Unfortunately the temp/humidity sensor has become intermittent so no more tests until I sort that out
Thanks for the analysis @berke. Quite an impressive set of graphs. How did you generate these?
My simple approach to use delta max and min resistance and temperature yielded a tempco of 2.72 ppm/C. If I interpret your figure of -22.35e-3 correctly this translates to -2.235 ppm/C. If that is the case I was not too far off
enut11
You're welcome.
Let's see, on the bottom right plot R goes from 10050 + 0.66 ohm to 10050 + 0.50 ohm from 28.6 to 36 degrees (the labels on the Y axis are messed up, insufficient precision), that gives (0.50-0.66)/(36-28.6)=-21e-3 ohm/degree, dividing by 10050 that gives -2.1 ppm/°C so yes we're in agreement.
I used GNU Octave, a program similar to Matlab except you don't have to fork out $4000 to get an fft() function and another $4000 to be able to load HDF5 files. Script attached (paths need to be adjusted.)
No worries for the test, if/when you get back to it ping me.
PS. Looks like the forum doesn't like *.m files! Zipped.
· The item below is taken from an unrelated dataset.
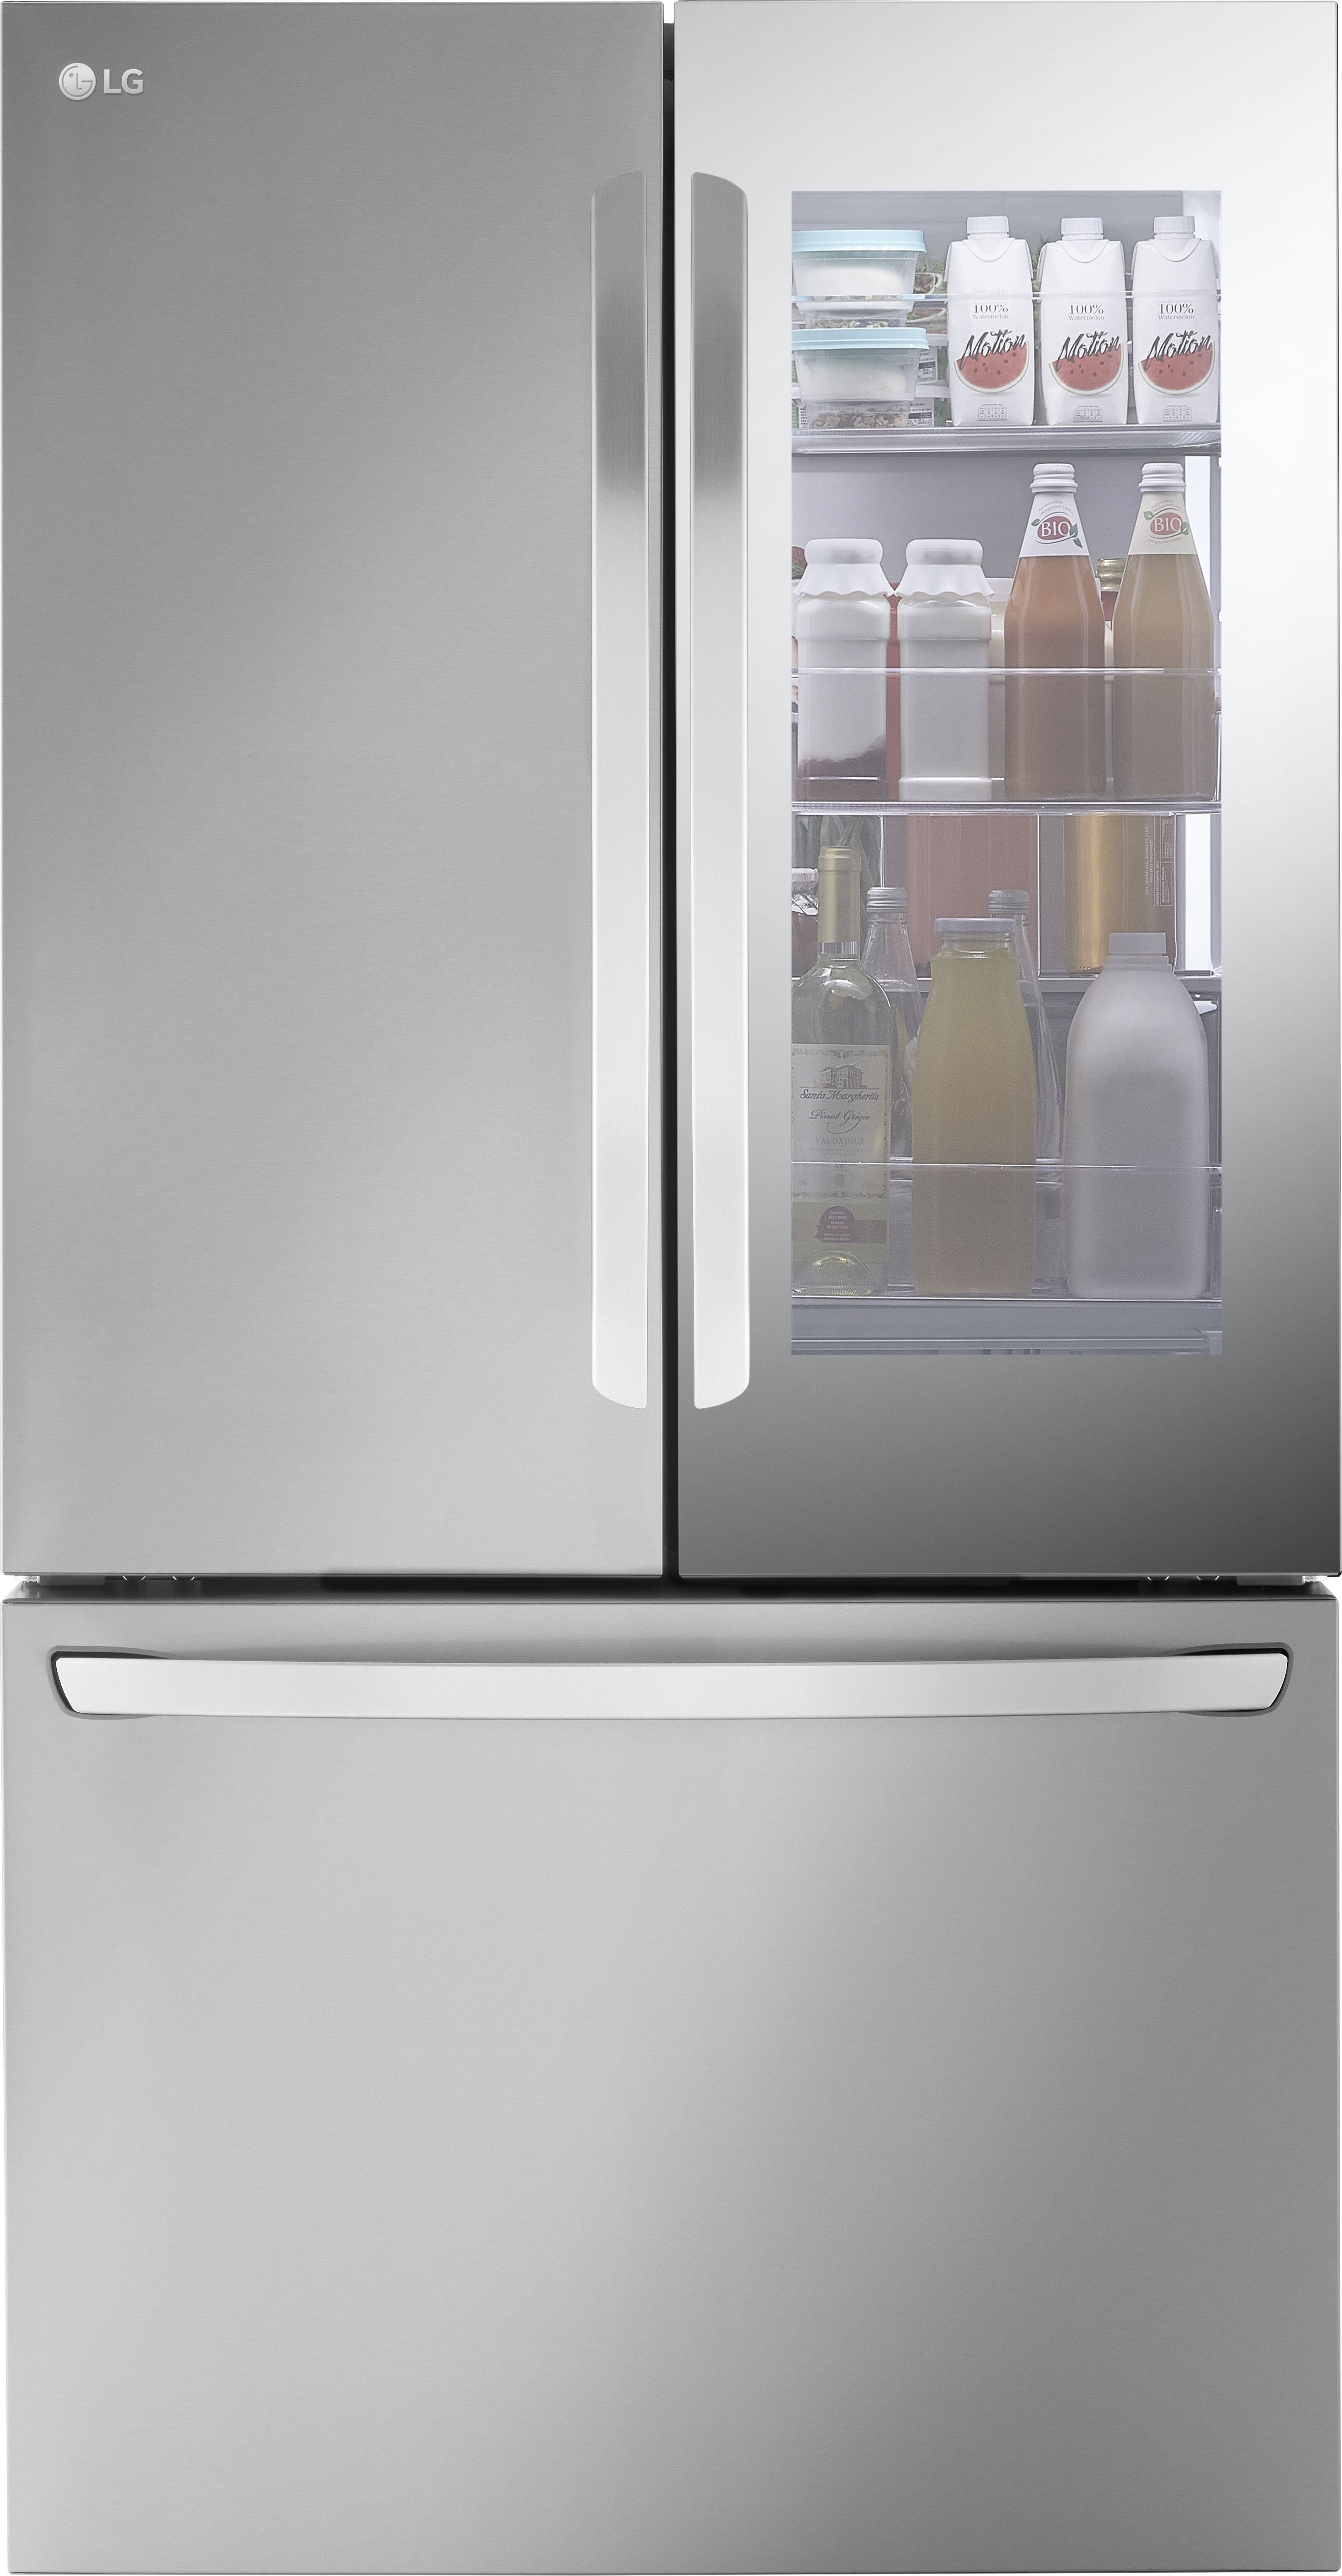 LG InstaView GMZ765STHJ Wifi Connected Plumbed Frost Free American Fridge Freezer - Stainless Steel - E Rated, Stainless Steel

@berke, I have two small relays, one has 70R coil and the other 170R. I could test the coil tempco of one of those if you want?
enut11
Sure that would give an interesting comparison point, the 70R sounds comparable to what I have.
I can share the Octave script for the plots if you want.
Like jonpaul said the copper tempco is well-known but the practical information about the deviations is what is most interesting. Also it's not as fun to just look up the value!
@berke, attached is a partial test of a 70R relay. The temperature sensor failed again during this test. I switched the oven on at record #150 and off at #550. Hopefully there is some useful data to analyse. During the test I did note a large change in resistance and it could be observed in real time! Note CSV changed to TXT.
enut11
@enut11, this data doesn't seem to be good. I can't find an interval with a decent one-to-one relation between temperature and resistance, see below.